I understand your point of “blurring the lines”. I think, however, that it involves the Gentiles taking up the traditions and live life like Israel lives their life. That would “blur the lines”. The idea of studying Torah, which Jeremiah clearly says we will eventually come to ask about, would not blur the lines of culture. We are to learn how to live a moral life, not change our culture to be just like Israel’s culture. We lack “mesora”, therefore, we can’t claim to know what Israel knows first hand. Studying the Torah helps us understand and become more receptive of Israel because it teaches us why Israel is G-d’s chosen people; G-d’s only First Born Son and Servant. 

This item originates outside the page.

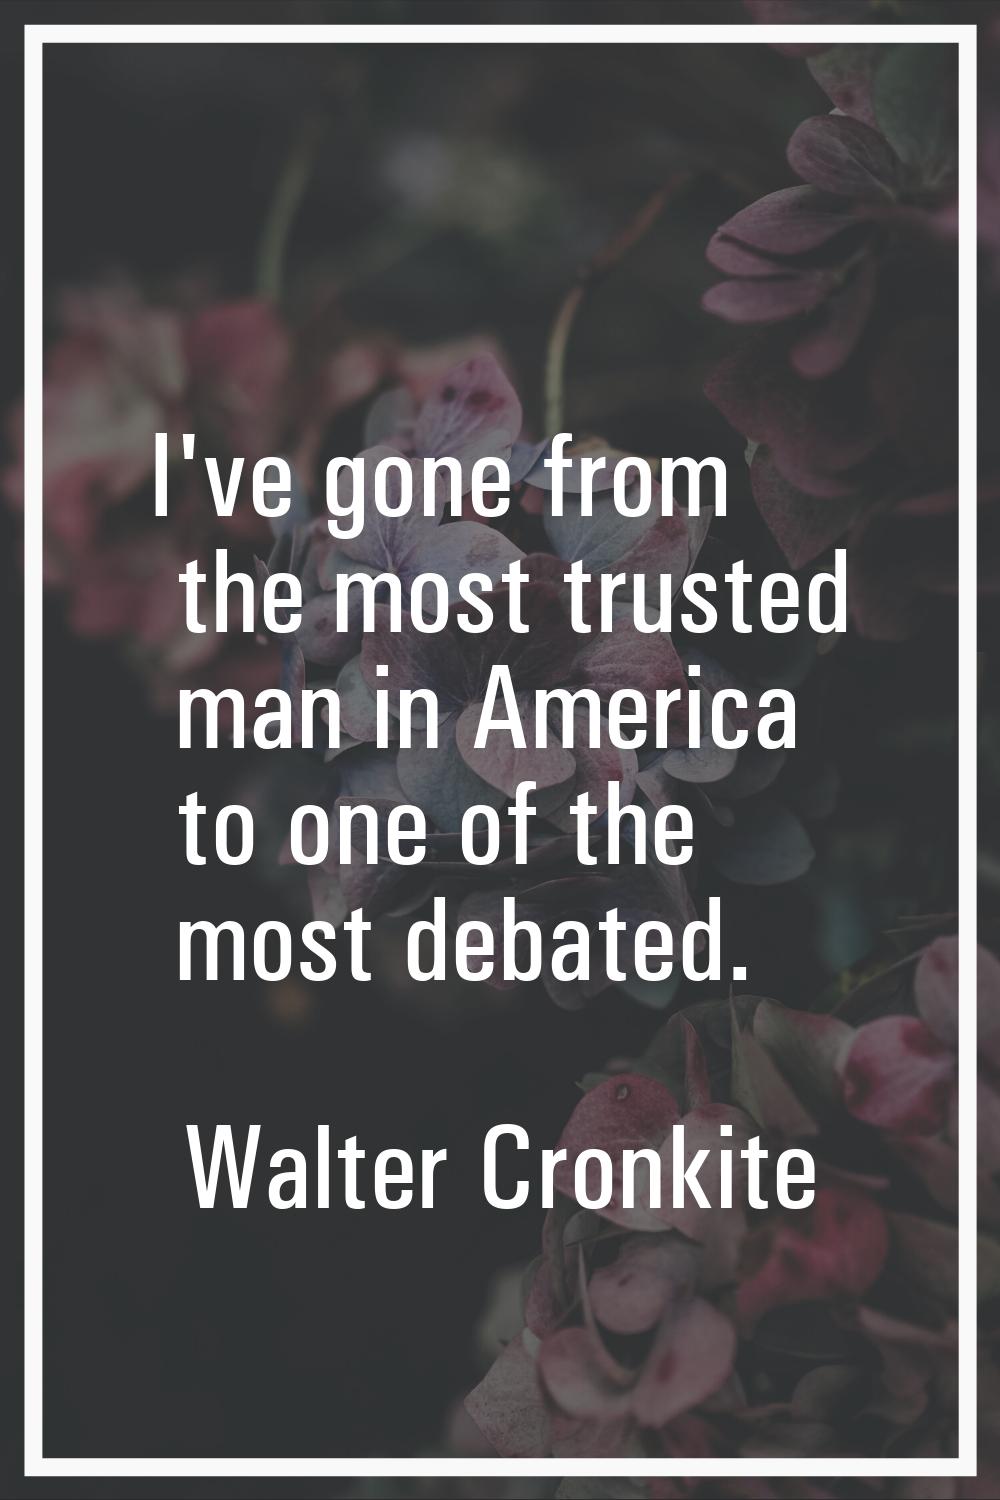 I've gone from the most trusted man in America to one of the most debated.

This is my reason for questioning the reasoning behind the statement of Gentiles should not study Torah. I thank you for considering my question and I thank you for taking the time to respond to it.

 

Humbly, Hiram

 

Rabbi Moshe Ben-Chaim: Hiram, you quoted accurately: “Those who are not of thy people Israel are to also fear and know Hashem just like Israel does”. I had mentioned last week that a wise Rabbi taught that in areas of perfection as the case you cite, a Gentile must study Torah, just as a Jew. This includes all areas of morality and knowledge of God.

 

 

 

 

Incomplete

Reader: Hello, and I have a comment Rabbi. In one of your answers to a questioner, who penned this to you:

“Moreover, many of the places supposedly founded by Noach’s children were in existence long before!!! How can we get around this problem? I have seen discussions of it on blogs, and the internet. But none have satisfied me. I looked at one of the blogs you have quoted in the past, but the rabbi there had a very strange approach that is hard to accept. What is the answer to this dilemma? Should I deny my mind? Thank you, Jonathan

Rabbi Moshe Ben-Chaim: You should ask yourself why you accept an account of 30,000-year-old civilizations, over accounts of the Torah. Why do you deem those more credible? What is your basis of reasoning?”

 

He was referring to a 4000 yr old dating account for the flood, just as the soul of man was created 5767 yr ago by literal accounting. Yet I have listened to discussion by religious men, such as Dr Gerald Schroeder, and Harold Gans, the mathematician, who have used dating systems referencing Nachmanides, for example- who’s dating system brought the age of the universe to something like 12-13 billion yrs old, and of course, the discussions of what is a ‘yom’ a day, and how to explain that difference in dating differences. I thought your answer was rather incomplete, and lacking in that regard.

 

Good Shabbos, Mark Goldberg

 

Rabbi Moshe Ben-Chaim: This was a follow up of an ongoing dialogue. I was attempting to address one issue at this point, namely, his acceptance of secular accounts of 30,000-year-old civilizations, while not accepting Torah accounts. I meant to bring this inconsistency to the fore. I felt brevity would focus on that issue.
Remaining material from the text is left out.